Expressing such awe, our witness to Him must have a steely content.  In our increasingly decadent Western world there are Christian issues on which we have to stand firm in the face of modern conformism with popularity … Jesus’ Gospel proclaimed in the Scriptures and by His Church is the only authentic and full Christianity and today we have to steadfastly hold firm and witness to Christian marriage as the sacramental union of one man and one woman for the glory of God, the good of children, and for the spouses fulfilment and salvation.   The State may call its approved ceremonies ‘marriage’ … but it cannot call them Christian marriage.  Neither, as regards those human relationships which are now publicly acknowledged and approved as loving relationships, can we approve of and accept them as relationships expressing truly Christian love.  We do not, should not, decry or abuse persons who disagree with us, but we can never, under any circumstances back down on or change what we believe and know to be Jesus’ teaching for the ultimate good of mankind.  
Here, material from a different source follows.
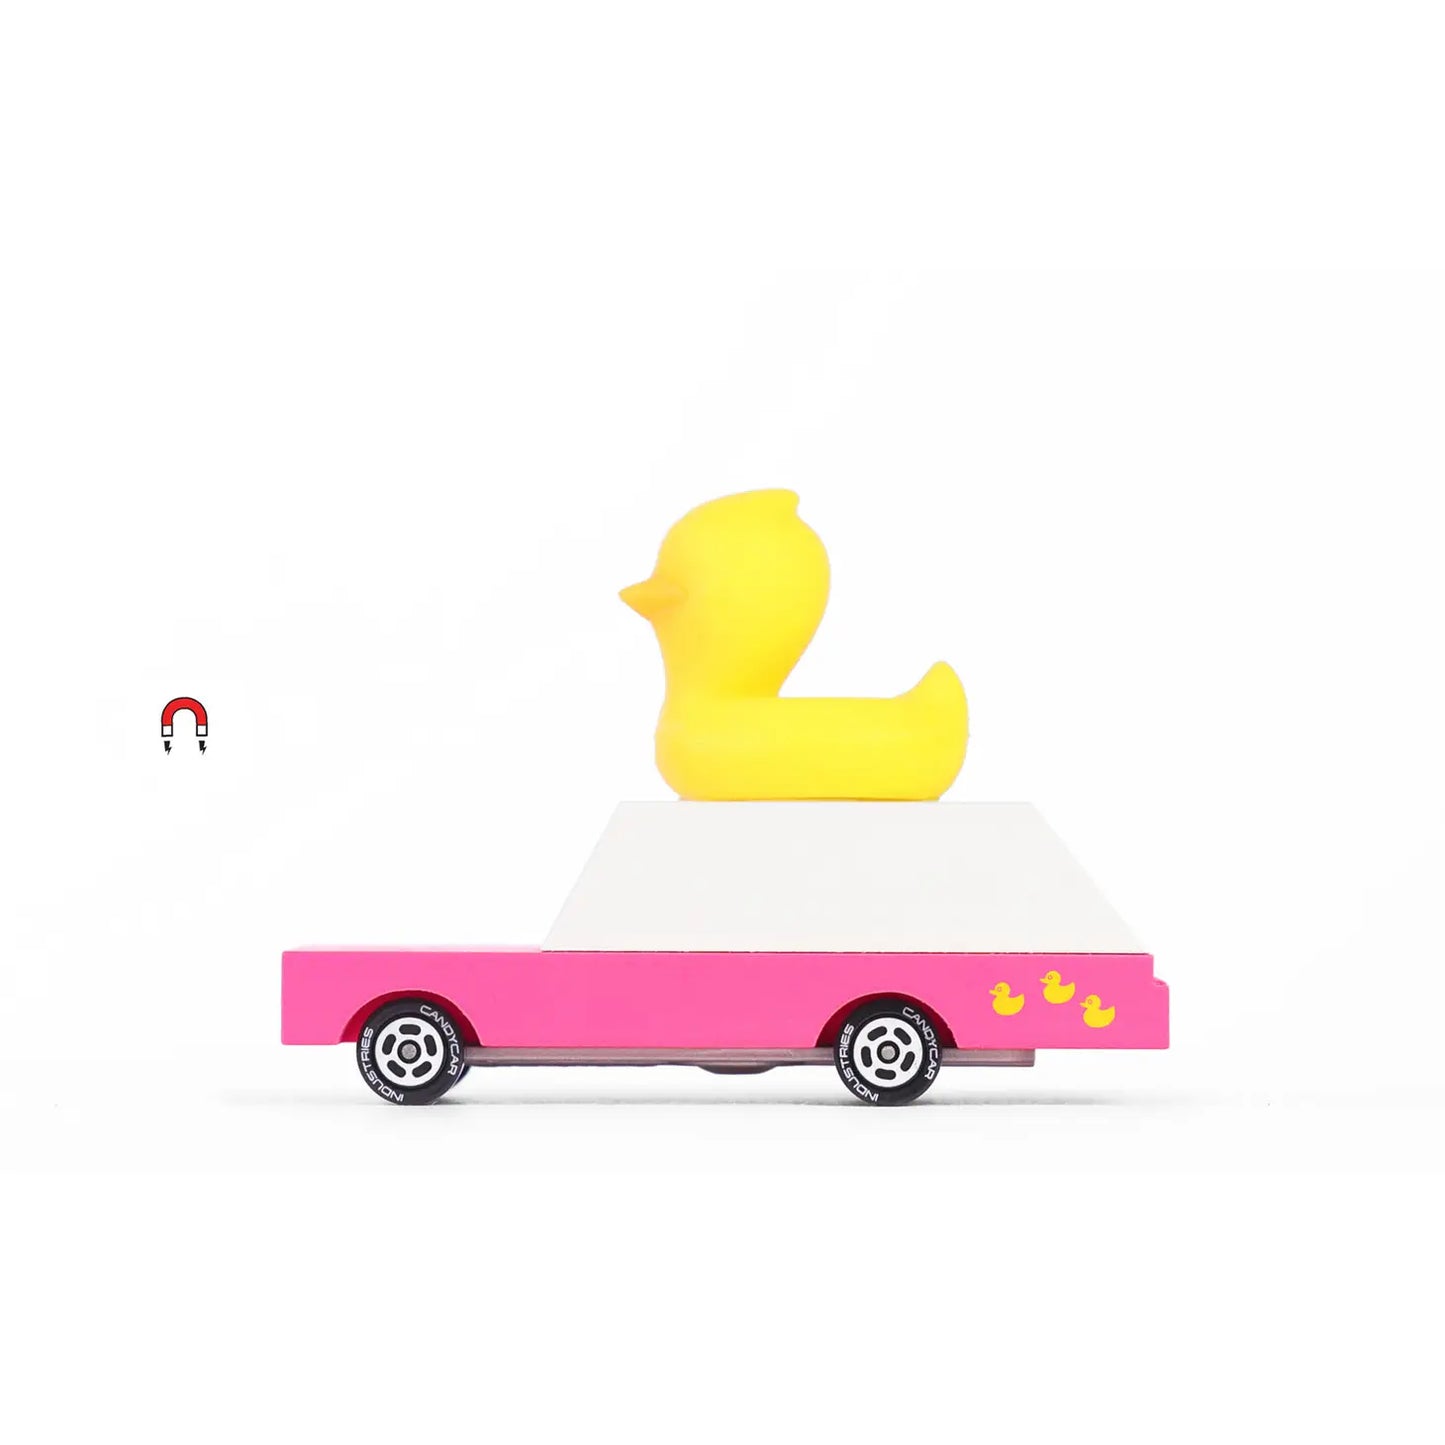 Candy Lab Duckie Wagon

And for all this we need some of that awe experienced by the Apostles on fully recognizing Jesus for what, Who, He truly was and is; we need an awe-based-love  of Jesus, which alone can give us that strength and peace which will enable us to face up to and overcome the multitude of difficulties and opposition facing Christians in today’s world and, despite such trials, still find true joy and deep fulfilment in God’s good gift of life lived under the shadow of His wings, inspired by His Spirit, and directed with love for His and our Father in heaven.